Storybook endpoint chains pages by default, which keeps the mascot’s posture, cup style, and lighting palette consistent across the whole set. Output is 5 image URLs you can drop straight into Figma, Webflow, etc.

Step 5 — Use anywhere

  • Figma — install the SteadyShot plugin (see Figma docs), pick Beanie, regenerate per-frame in your design file. Identity stays consistent across hero, footer, social cards.
  • Photoshop — load Beanie + Acme into the Photoshop plugin for layered comp work.
  • Claude Desktop (MCP) — just ask Claude: “Give me a Beanie + Acme image for a Black Friday banner — bold colors, big sale graphic”. Claude calls generate_scene with both ids.

Pro tips

  • Lock both before scaling.
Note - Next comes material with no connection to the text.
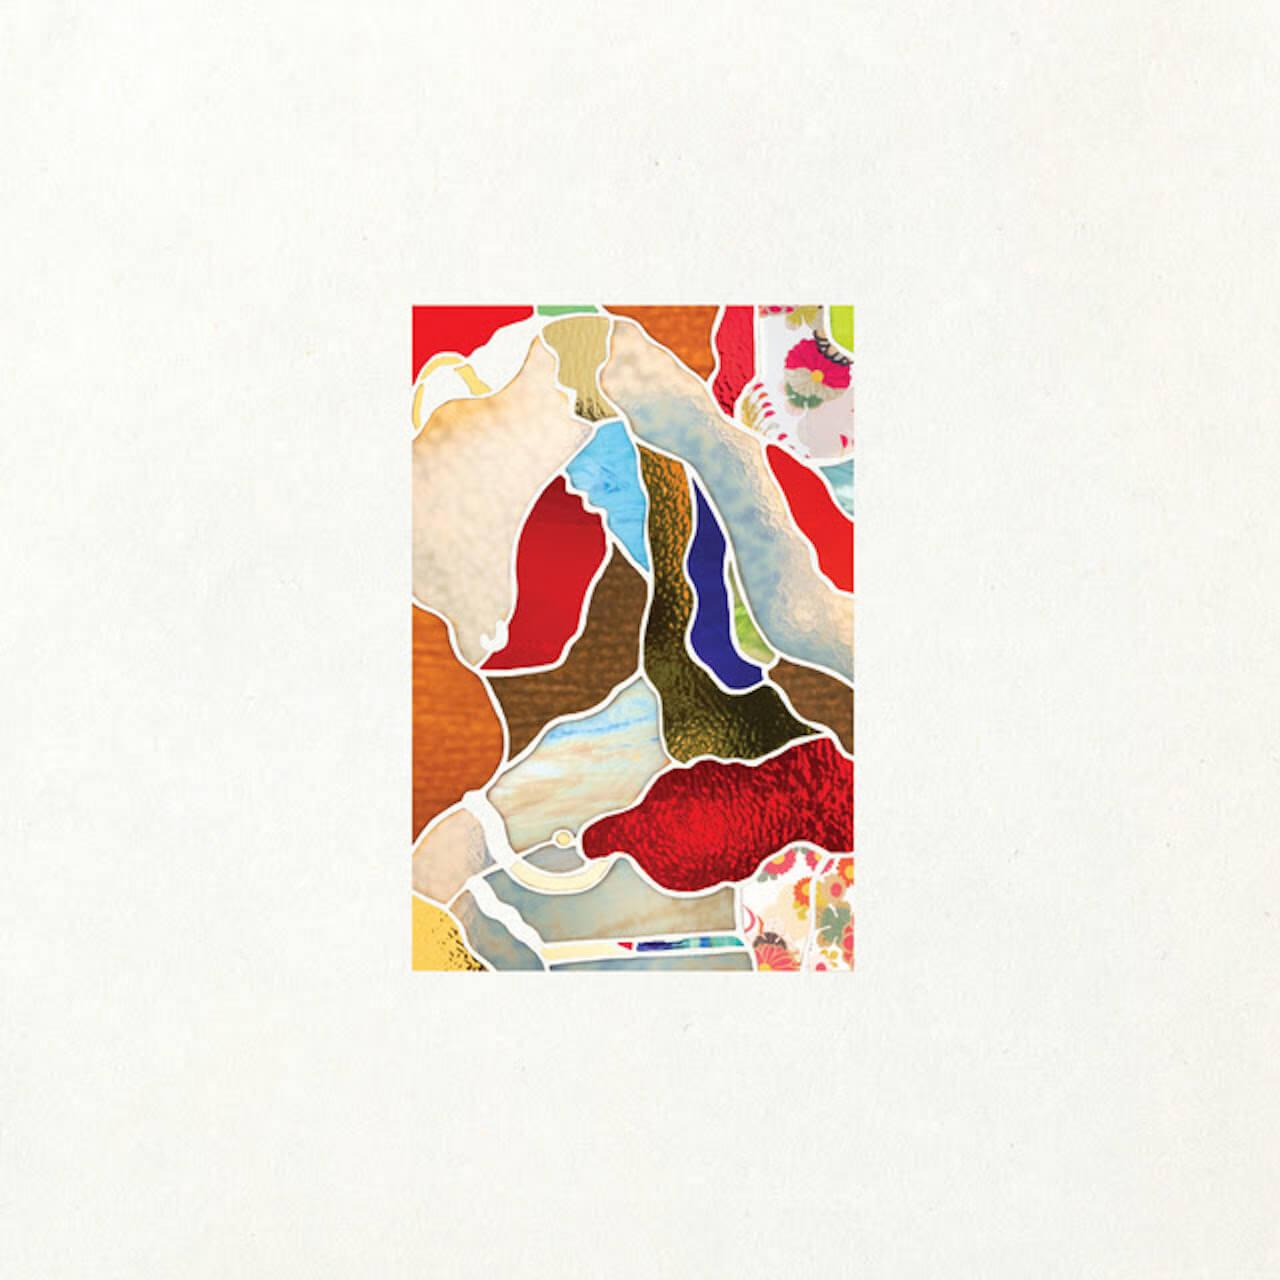 〈Brainfeeder〉からTeebsが最新作『Anicca』を10月にリリース|パンダ・ベア参加曲「Studie」と「Mirror Memory」を先行公開 music190919-teebs-1

A draft brand kit or character can drift between renders. Locking pins the descriptor + assets so identity stays tight.
  • Persist art style. Pass art_style on every generation (or set it on the character) so 4 weeks from now your mascot still ships flat-vector, not photoreal.
  • Bound your palette with brand voice + palette together. The brand QA rubric scores palette drift; consistent palette across all renders is the difference between “feels on-brand” and “just AI slop”.